Thursday, September 1, 2016

Janie's Face

Just polished up my glasses and now it is time to blog. It is amazing how dirty glasses get throughout the day. I try not to touch them and still...

Several times throughout the novel, Hurston refers to her main character as "Janie's Face," or spends time describing Janie's face. Here is one notable passage after Jody passes away.
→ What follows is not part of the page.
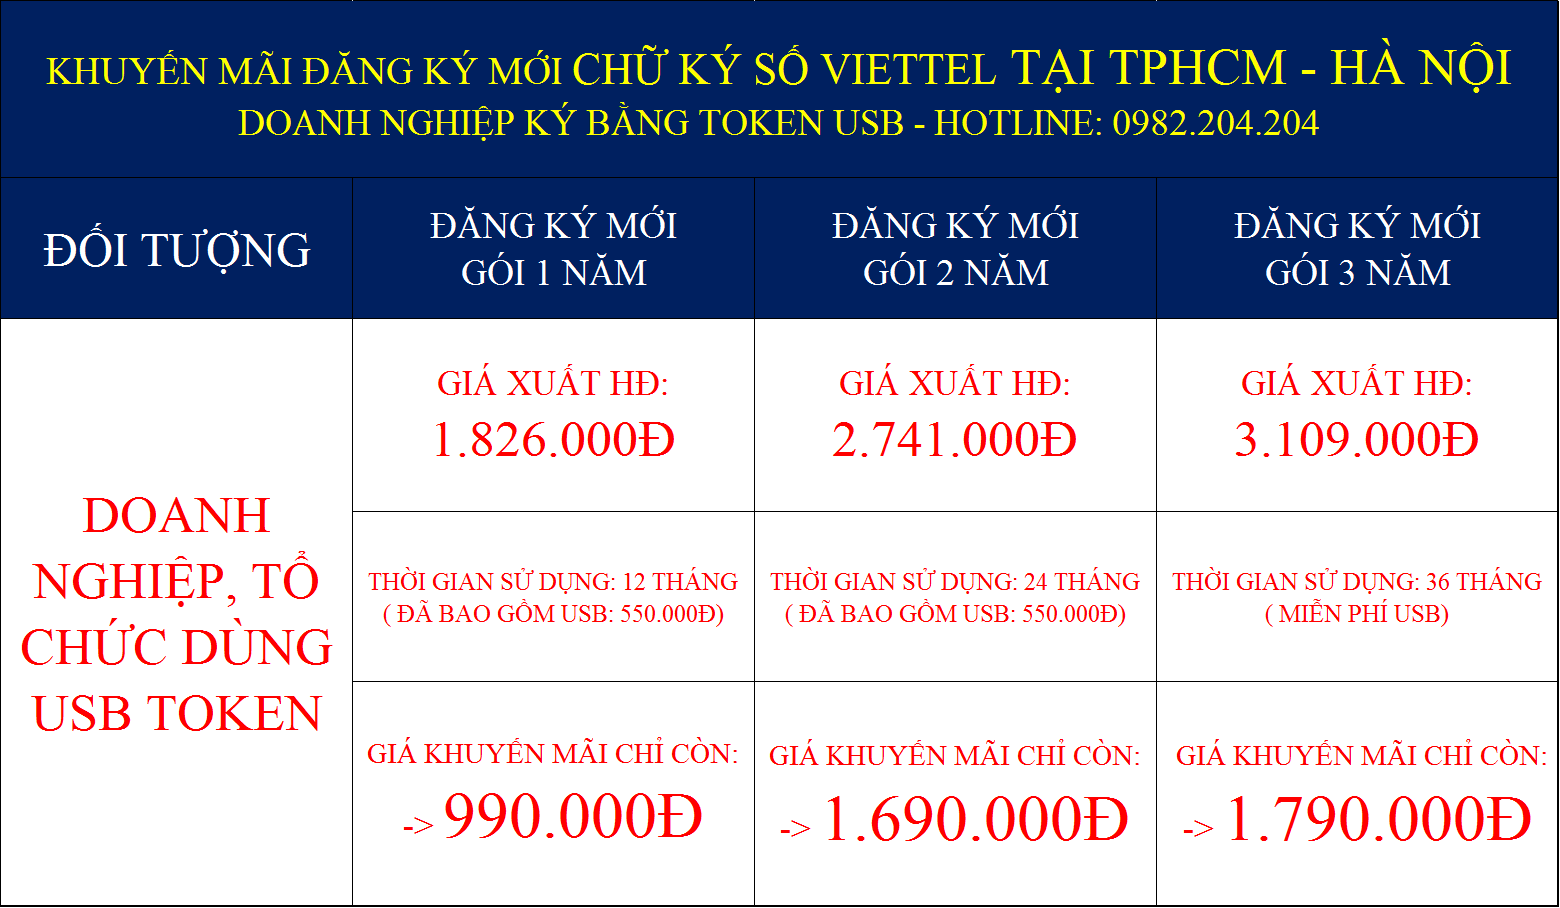 Khuyến mãi chữ ký số Viettel tại Hà Nội và TPHCM giá rẻ nhất

"Janie starched and ironed her face and came set in the funeral behind her veil. It was like a wall of stone and steel. The funeral was going on outside. All things concerning death and burial were said and done. Finish. End. Never-more. Darkness. Deep hole. Dissolution. Eternity. Weeping and wailing outside. Inside the expensive black folds were resurrection and life. She did not reach outside for anything, nor did the things of death reach inside to disturb her calm. She sent her face to Joe's funeral, and herself went rollicking with the springtime across the world."
And here is another one from earlier in the novel:
"The years took all the fight out of Janie's face. For a while she thought it was gone from her soul. No matter what Jody did, she said nothing. She had learned how to talk some and leave some. She was a rut in the road. Plenty of life beneath the surface but it was kept beaten down by the wheels. Sometimes she stuck out into the future, imagining her life different from what it was. But mostly she lived between her hat and her heels, with her emotional disturbances like shade patterns in the woods--come and gone with the sun. She got nothing from Jody except what money could buy, and she was giving away what she didn't value."
As I was reading Their Eyes were Watching God I noticed these phrases peppered throughout the novel and wondered about their importance. It wasn't until I got to the the end of the novel that I figured it out. Well, I think I figured it out. The story of Janie is a story of a woman who is forced to follow societies norms for women at the time. Janie doesn't want to marry, she doesn't want to keep house. But the worst part is that Janie doesn't know initially that she doesn't want these things. She is just going along with the flow. She marries her first husband because her grandmother expects it and society expects it. She marries Jody because it seems like a good choice based off of societies expectations. in these first two marriages that phrase "Janie's face" crops up. She isn't a whole person. She puts on an act for the people around her: playing the part of the dutiful wife. Society expects her to be dumb, and submissive, and not play checkers and so she puts her face on, just like any woman would put on makeup in the morning. It's a mask. 

But after Jody's death, Janie is finally able to take that mask off when she hooks up with Tea Cake. No more expectations because Janie just doesn't care anymore. And that is where the phrase "Janie's face" disappears because she isn't "Janie's face" anymore, she is just Janie.